Meta threatened to take Facebook and Instagram off the European market last month if new regulations surrounding EU-US data transfers fail to materialize soon after the Irish Data Protection Commission proposed that the company use standard contractual clauses regarding European user data. comply with the GDPR.
While still waiting for the full text, Schrems has expressed disappointment at today’s announcement. A response to his campaign website, NYOB, leads with an image of a pig wearing lipstick and calls the new deal “Privacy Shield 2.0.”
Looks like we’re doing another one #PrivacyShield especially in one respect: politics over law and fundamental rights.

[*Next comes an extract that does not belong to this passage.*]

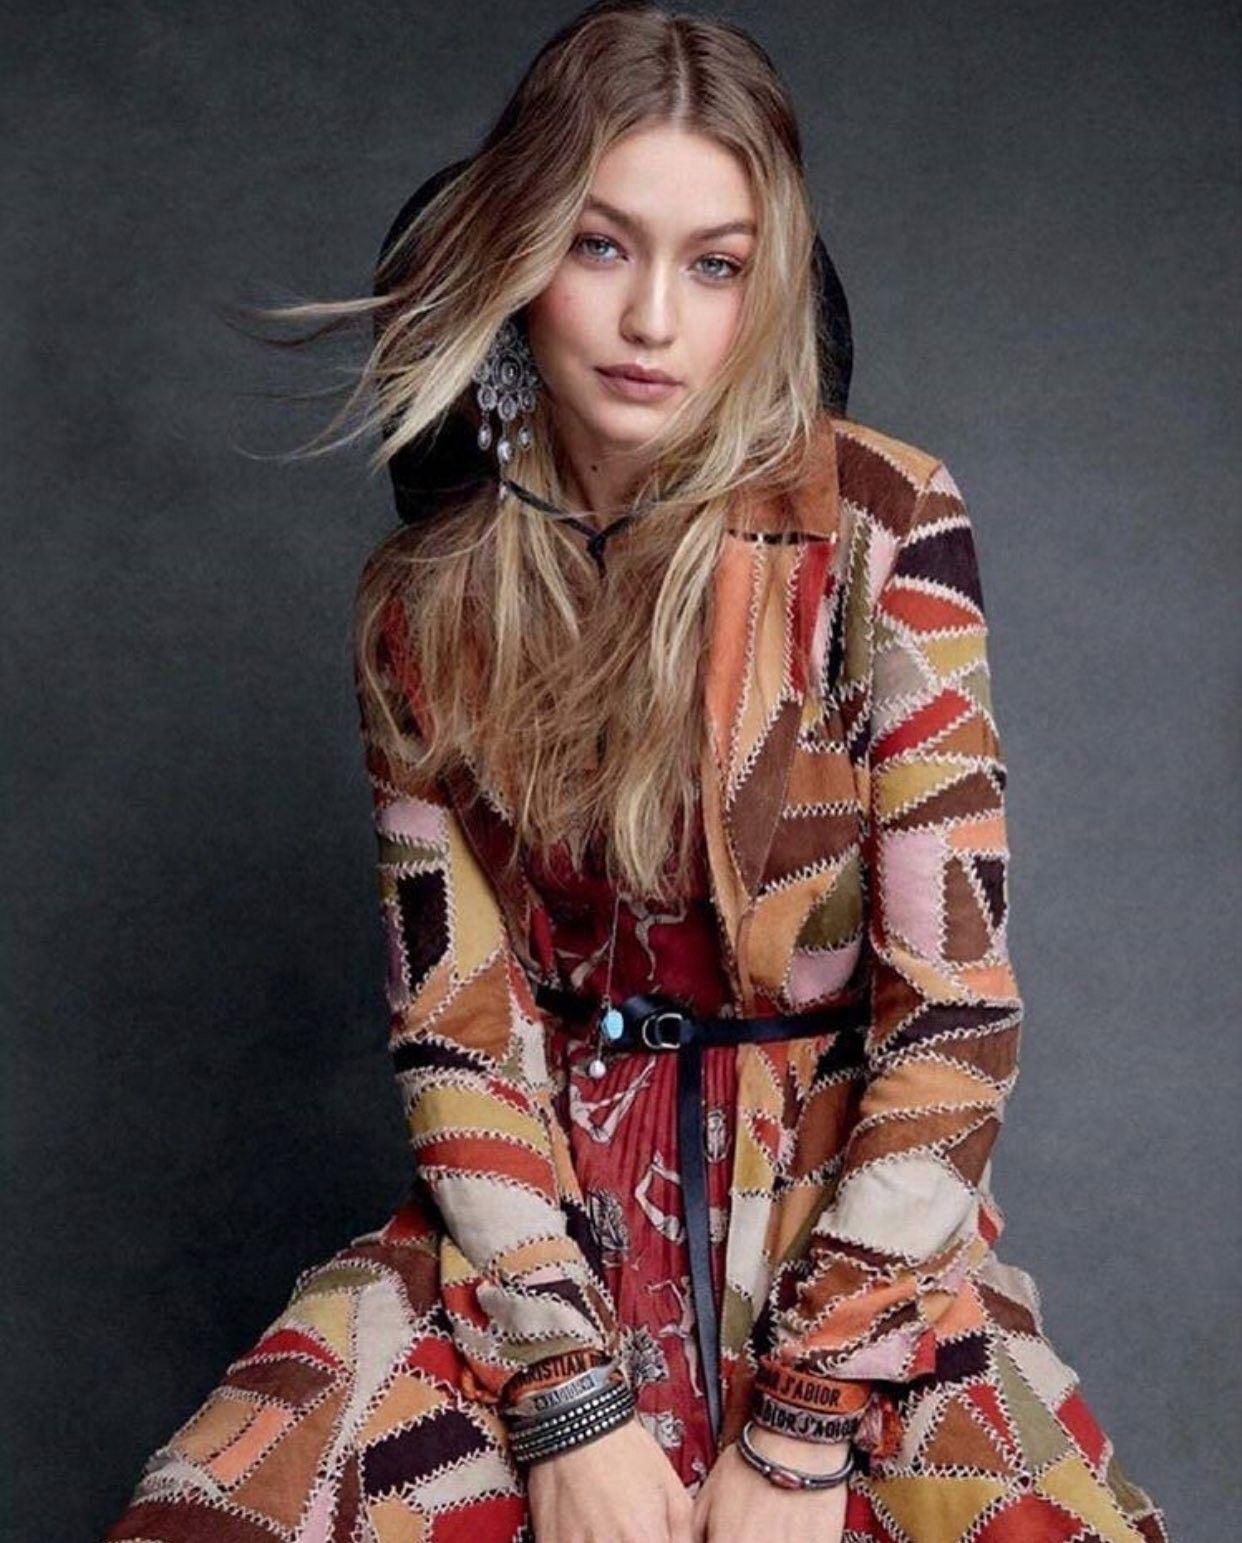 Patrick Demarchelier Vogue Ideias: Gigi Hadid For VOGUE US December 2017 Photographed By

This has failed twice before. What we are hearing is a different “patchwork” approach, but no substantial reform on the part of the US. Let’s wait for a text but my first guess is it will fail again. https://t.co/y6RFUyB8eG
— Max Schrems 🇪🇺 (@maxschrems) March 25, 2022
The group said that because it was just a political announcement with no text to analyze, they believe that “no such text exists yet” and suggested that lawyers should not yet find solutions to the problems facing the ECJ in 2020 were raised.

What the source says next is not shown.